(Data excerpts)
####

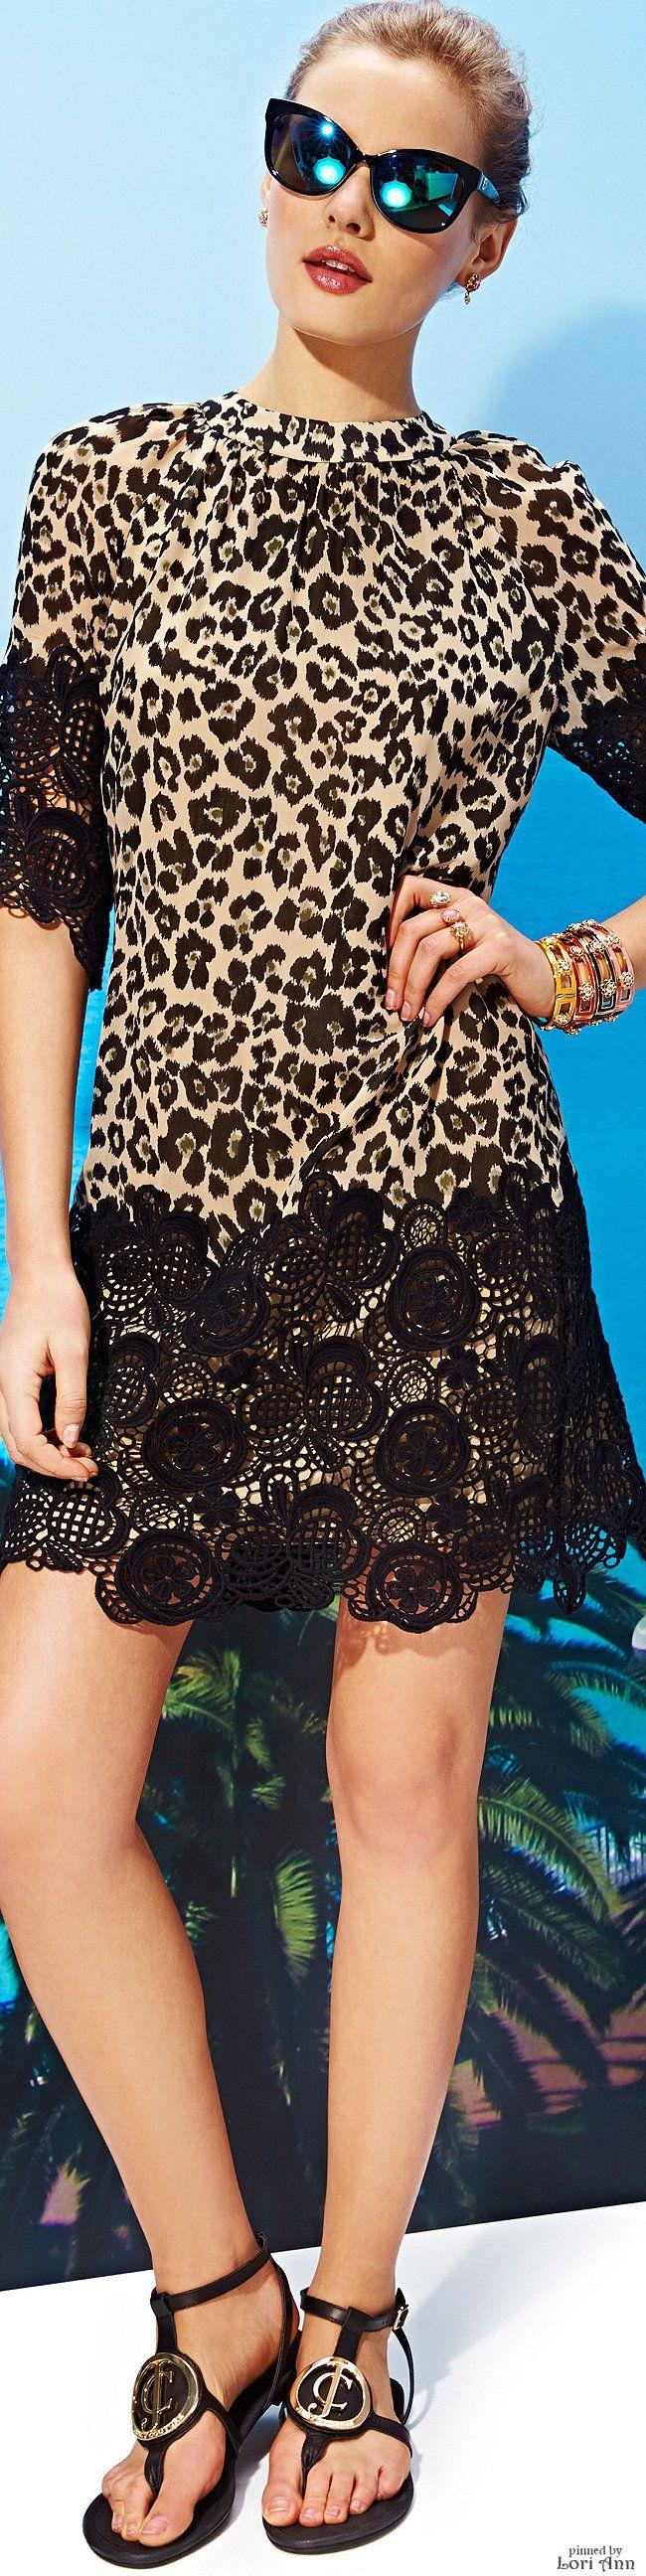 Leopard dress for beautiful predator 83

####

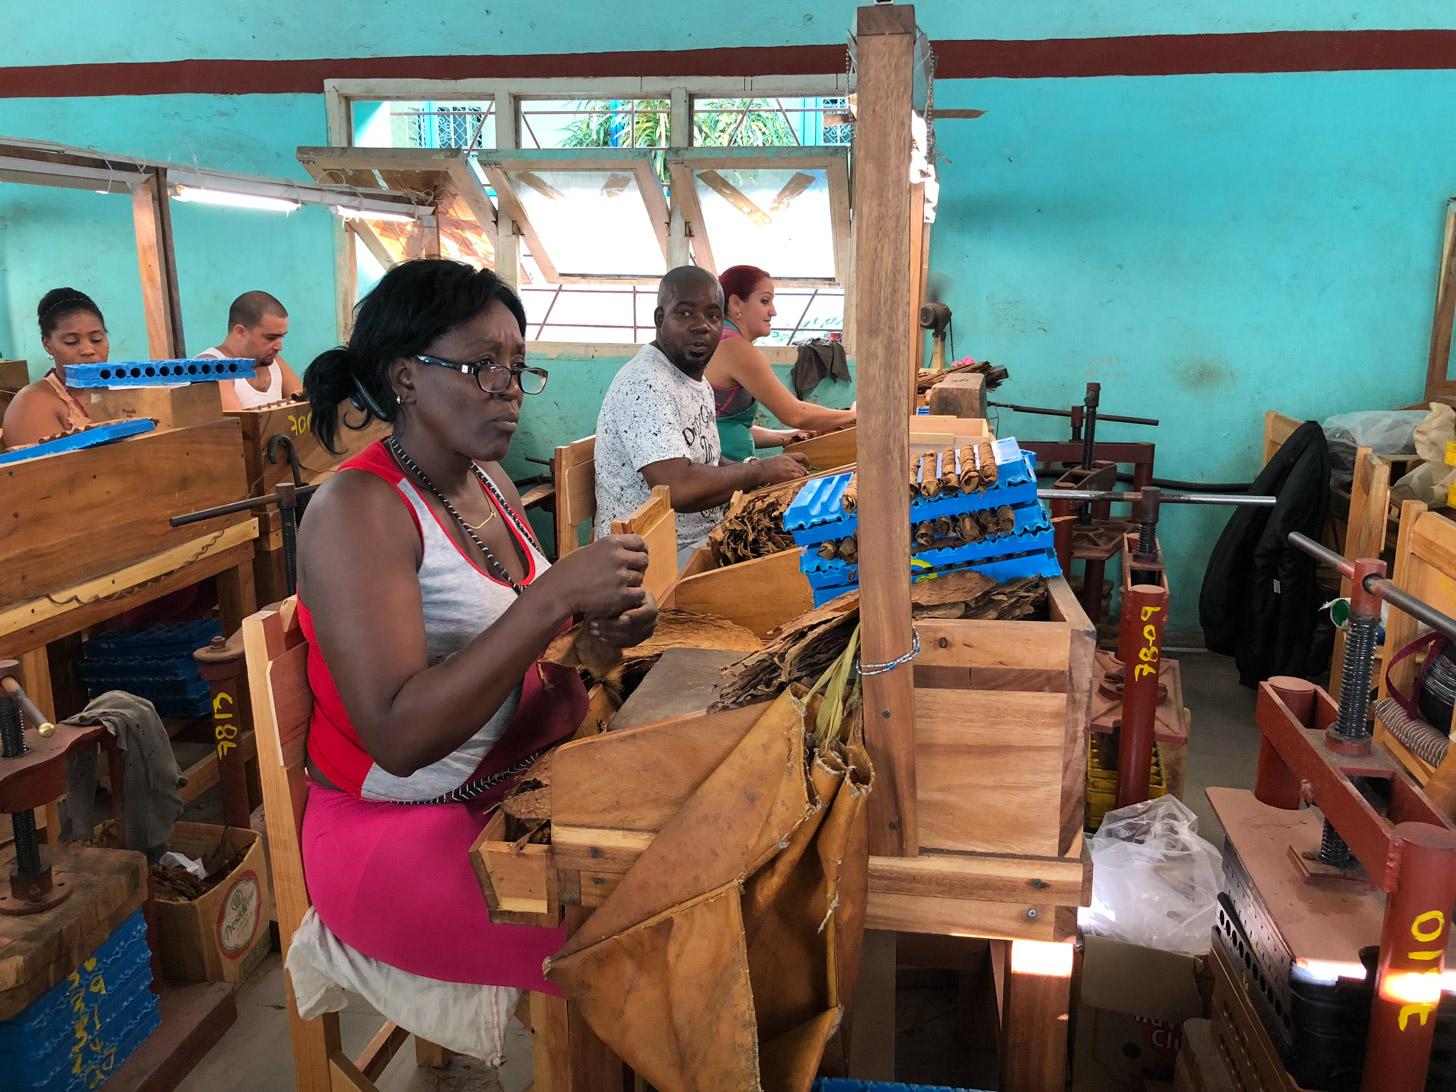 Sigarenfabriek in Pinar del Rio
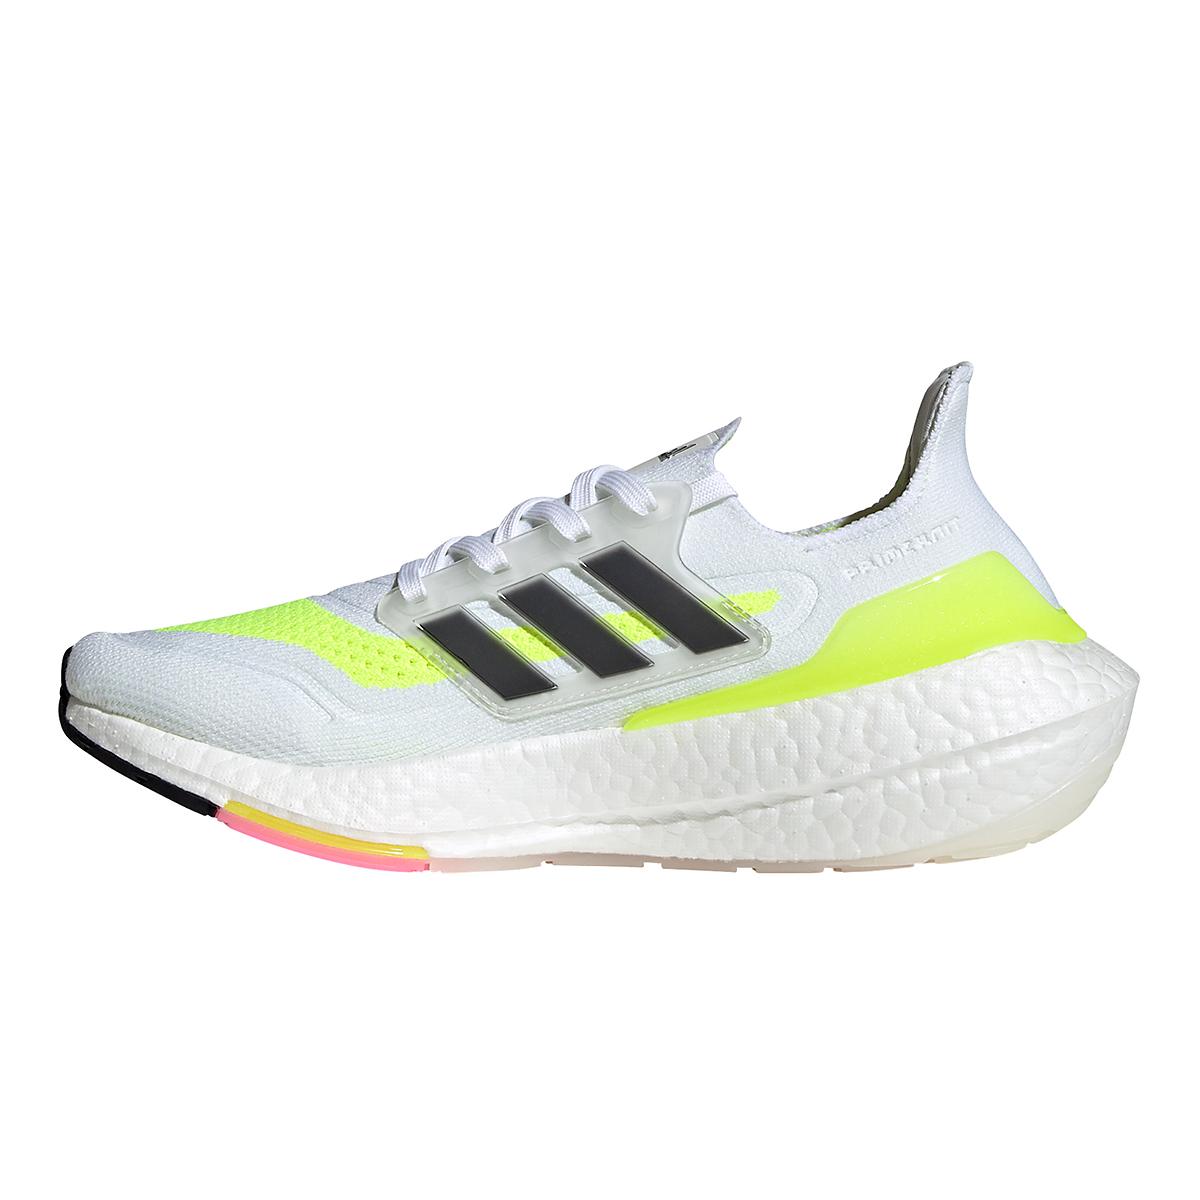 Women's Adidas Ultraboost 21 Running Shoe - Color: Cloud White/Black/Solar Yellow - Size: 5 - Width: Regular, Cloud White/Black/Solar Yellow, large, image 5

####

(Aim of the exercise)
What is needed is an exact copy of the lines above from the one with "Sigarenfabriek in Pinar del Rio" to the one with "Women's Adidas Ultraboost", both ends kept, and nothing more; please leave the pictures out.

(Solution to this problem)
 Sigarenfabriek in Pinar del Rio
 Women's Adidas Ultraboost 21 Running Shoe - Color: Cloud White/Black/Solar Yellow - Size: 5 - Width: Regular, Cloud White/Black/Solar Yellow, large, image 5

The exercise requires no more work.